During the 2025–26 season, Frokaj became a regular member of Aarau's first team. Aarau reported that he made 36 competitive appearances and scored four goals during the season.

===St. Gallen===
On 1 June 2026, Frokaj signed a four-year contract with Swiss Super League club St. Gallen and was assigned squad number 20.

==International career==
From 2021 until 2023, Frokaj was part of Switzerland at youth international level, respectively representing the U17, and U18 teams, and he with these teams played twelve matches and scored two goals.

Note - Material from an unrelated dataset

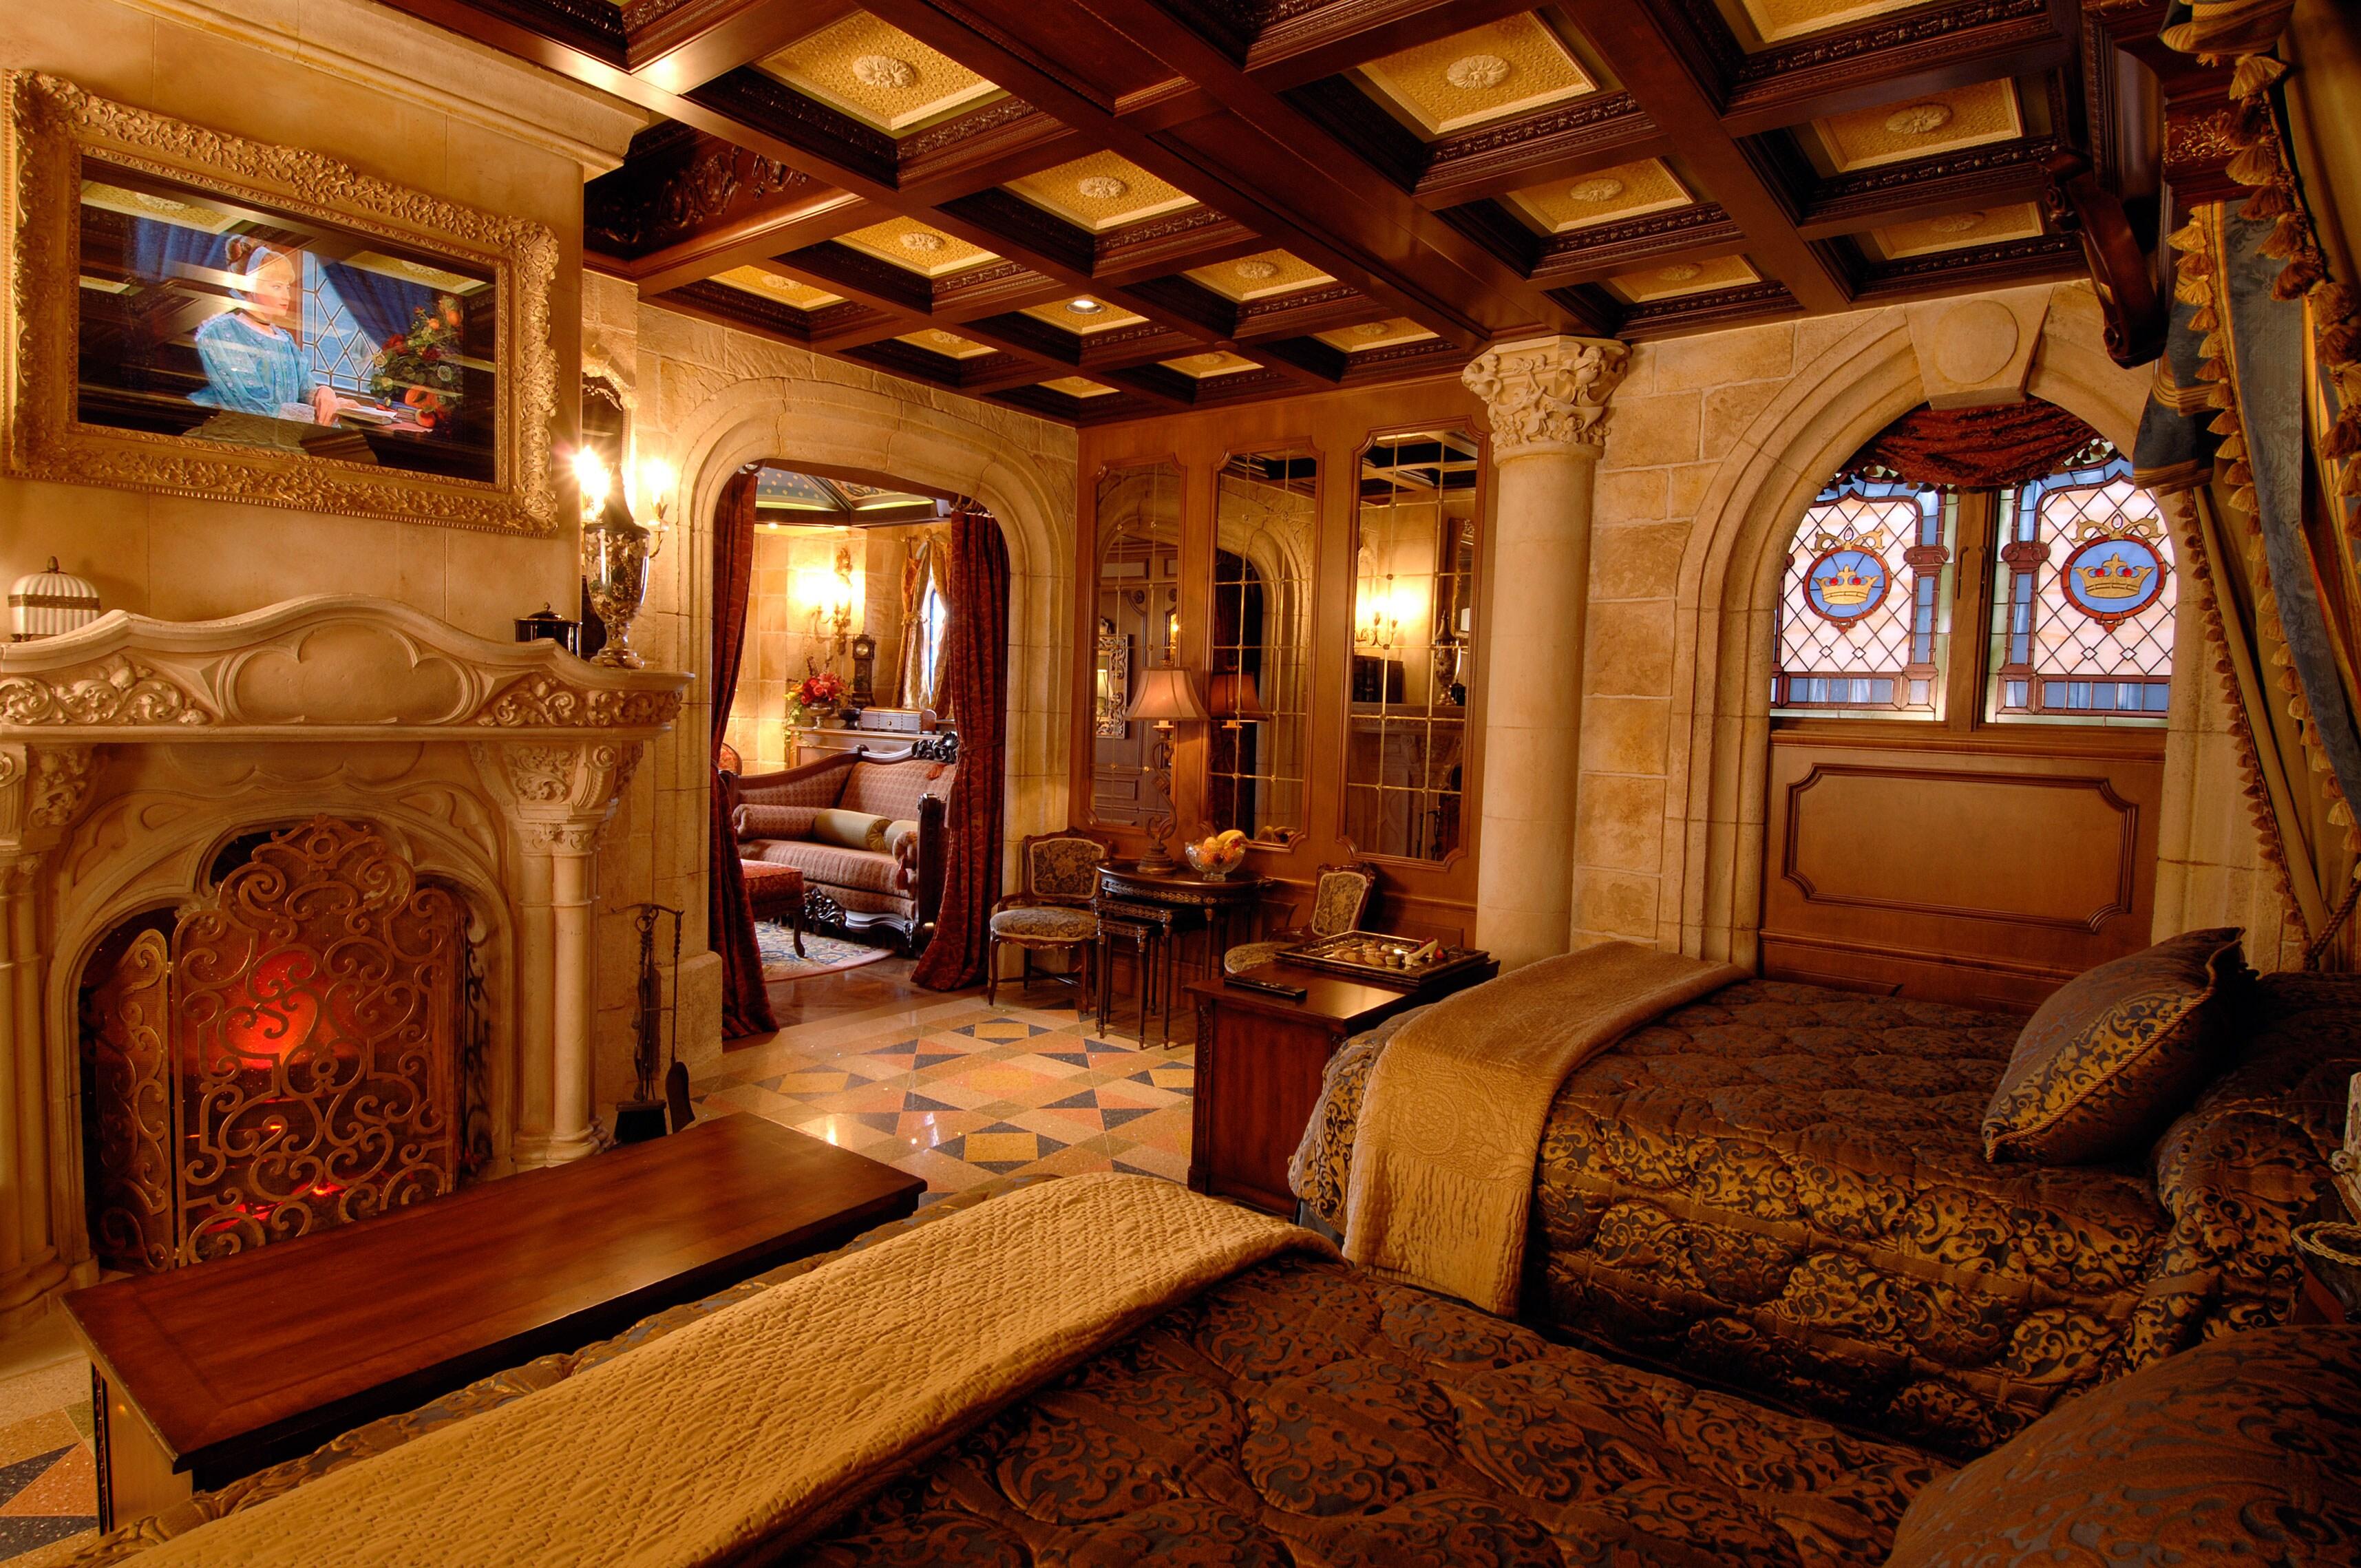 Disney mostra suíte do Castelo da Cinderela

On 9 November 2024, Frokaj received a call-up from Kosovo U21 for the friendly matches against North Macedonia, and made his debut in the first match after being named in the starting line-up.

On 15 August 2025, Frokaj's request to switch international allegiance to Kosovo was approved by FIFA, allowing him to play in competitive matches.

In August 2026, Frokaj in an interview for Koha Ditore hoped to receive his first call-up to the Kosovo senior national team. On 18 September 2026, he received a call-up from the Kosovo national senior team for the 2026–27 UEFA Nations League matches against the Republic of Ireland, Austria (twice), and Israel.